### Input records

════════════════════

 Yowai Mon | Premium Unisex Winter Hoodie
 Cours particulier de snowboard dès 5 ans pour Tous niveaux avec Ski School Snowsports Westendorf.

════════════════════

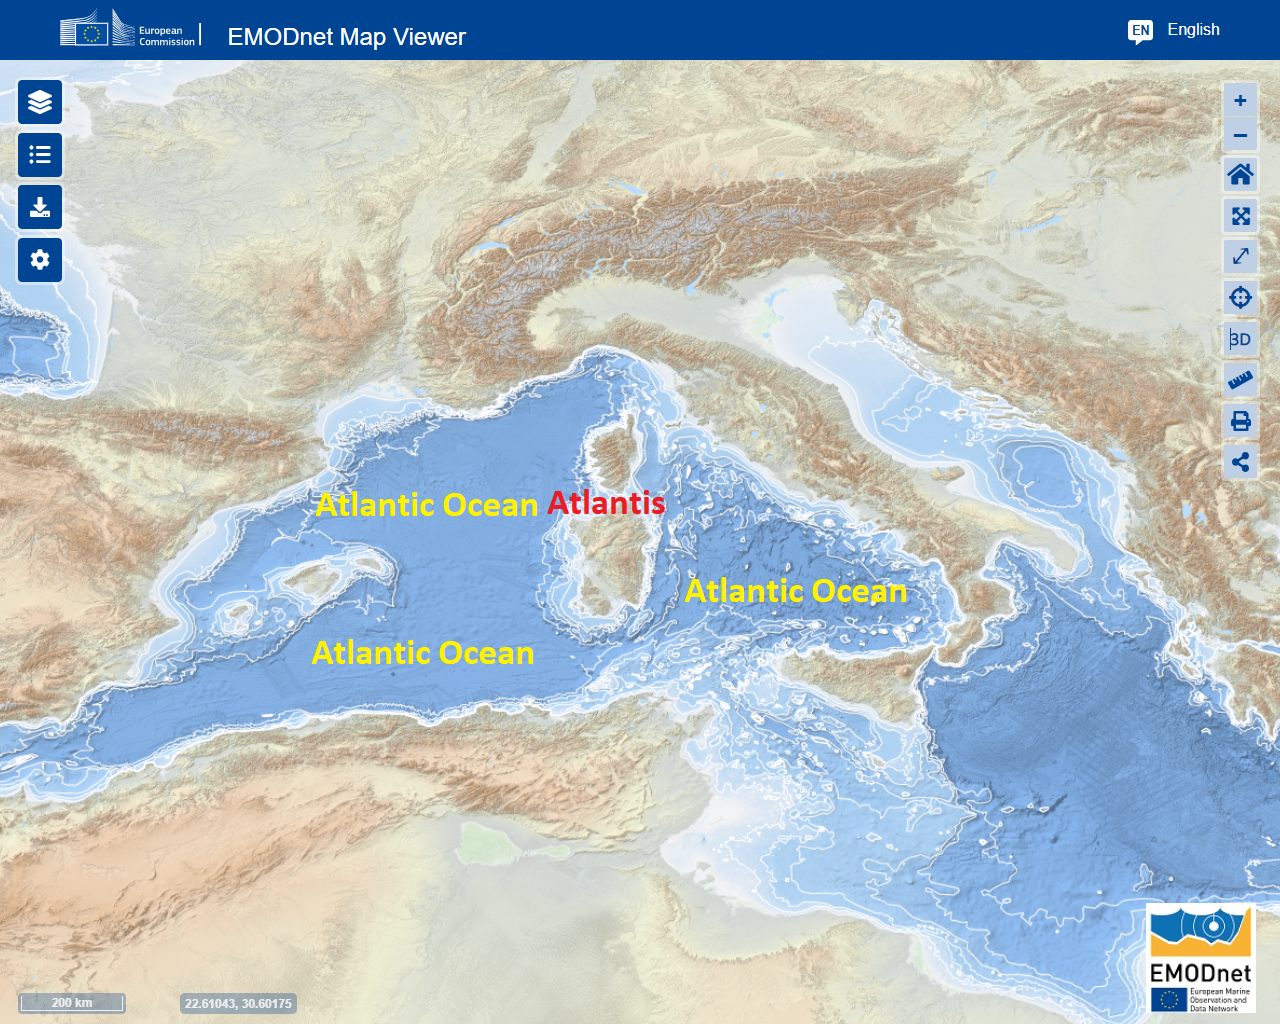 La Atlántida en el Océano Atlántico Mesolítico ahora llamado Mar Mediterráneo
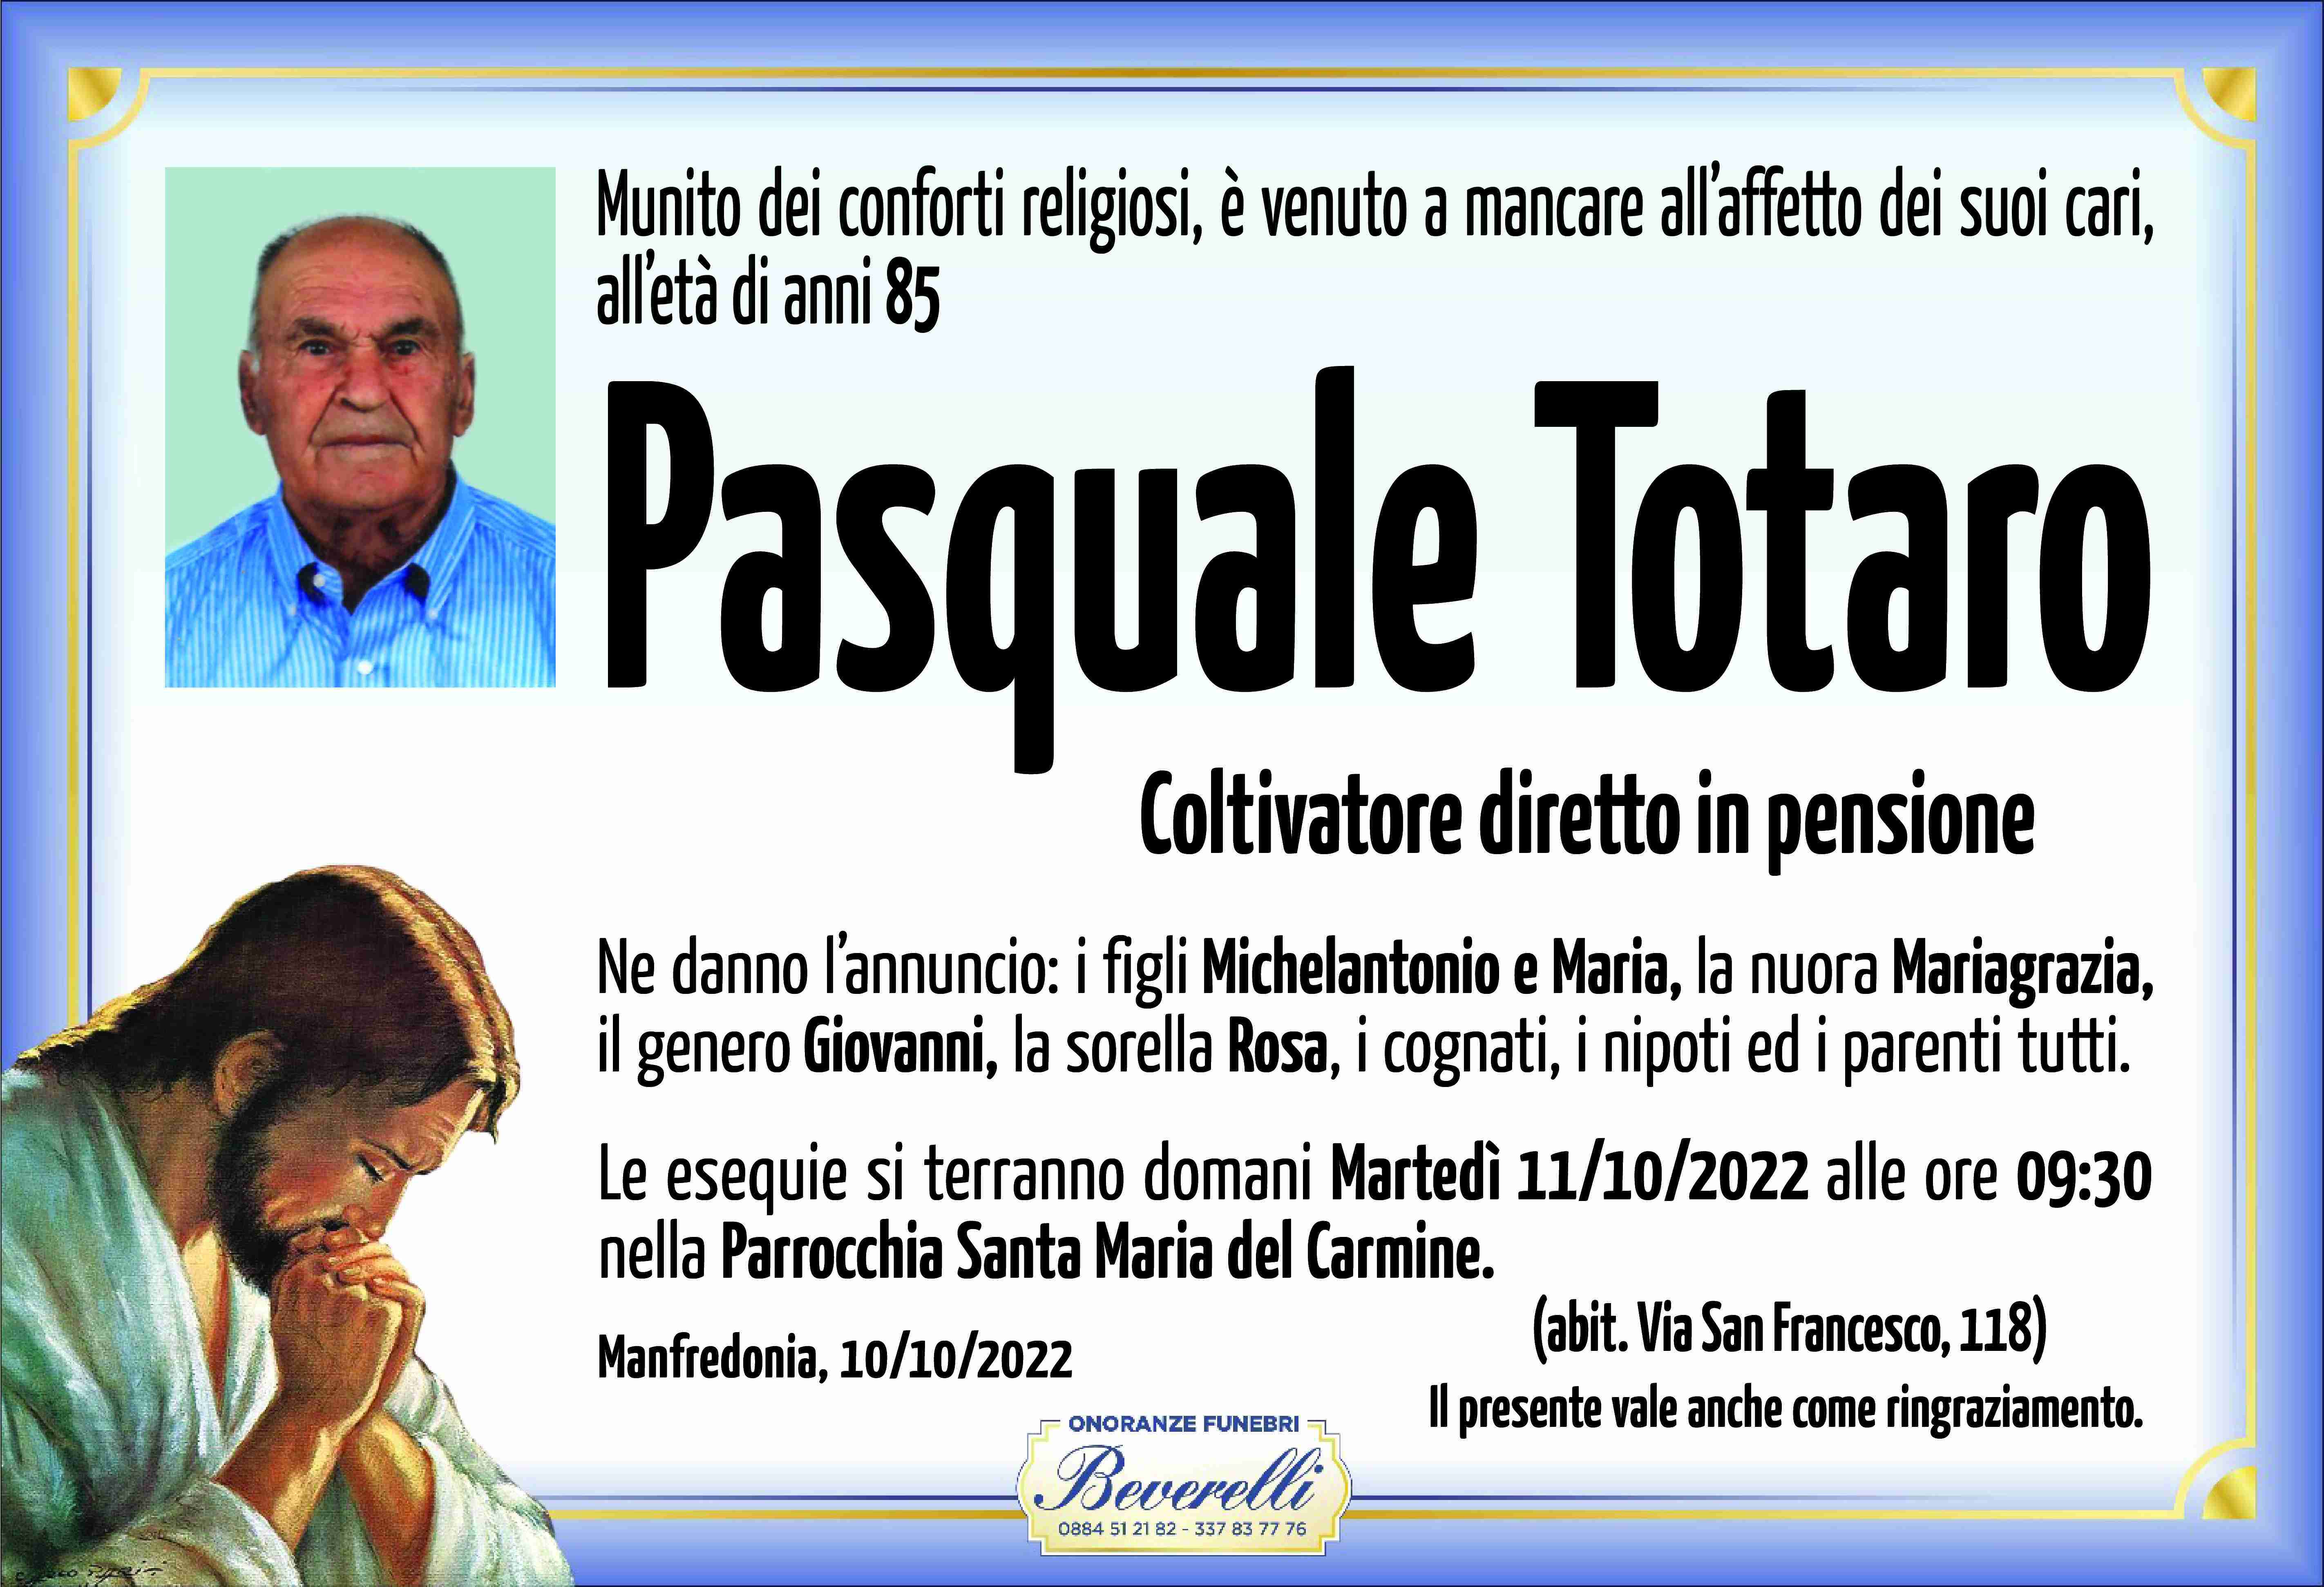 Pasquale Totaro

════════════════════

### Your assignment
In the material above, transcribe exactly the lines beginning at the one with "Yowai Mon | Premium Unisex Winter Hoodie" and ending at the one with "Cours particulier de", both included.

### Output of the task
 Yowai Mon | Premium Unisex Winter Hoodie
 Cours particulier de snowboard dès 5 ans pour Tous niveaux avec Ski School Snowsports Westendorf.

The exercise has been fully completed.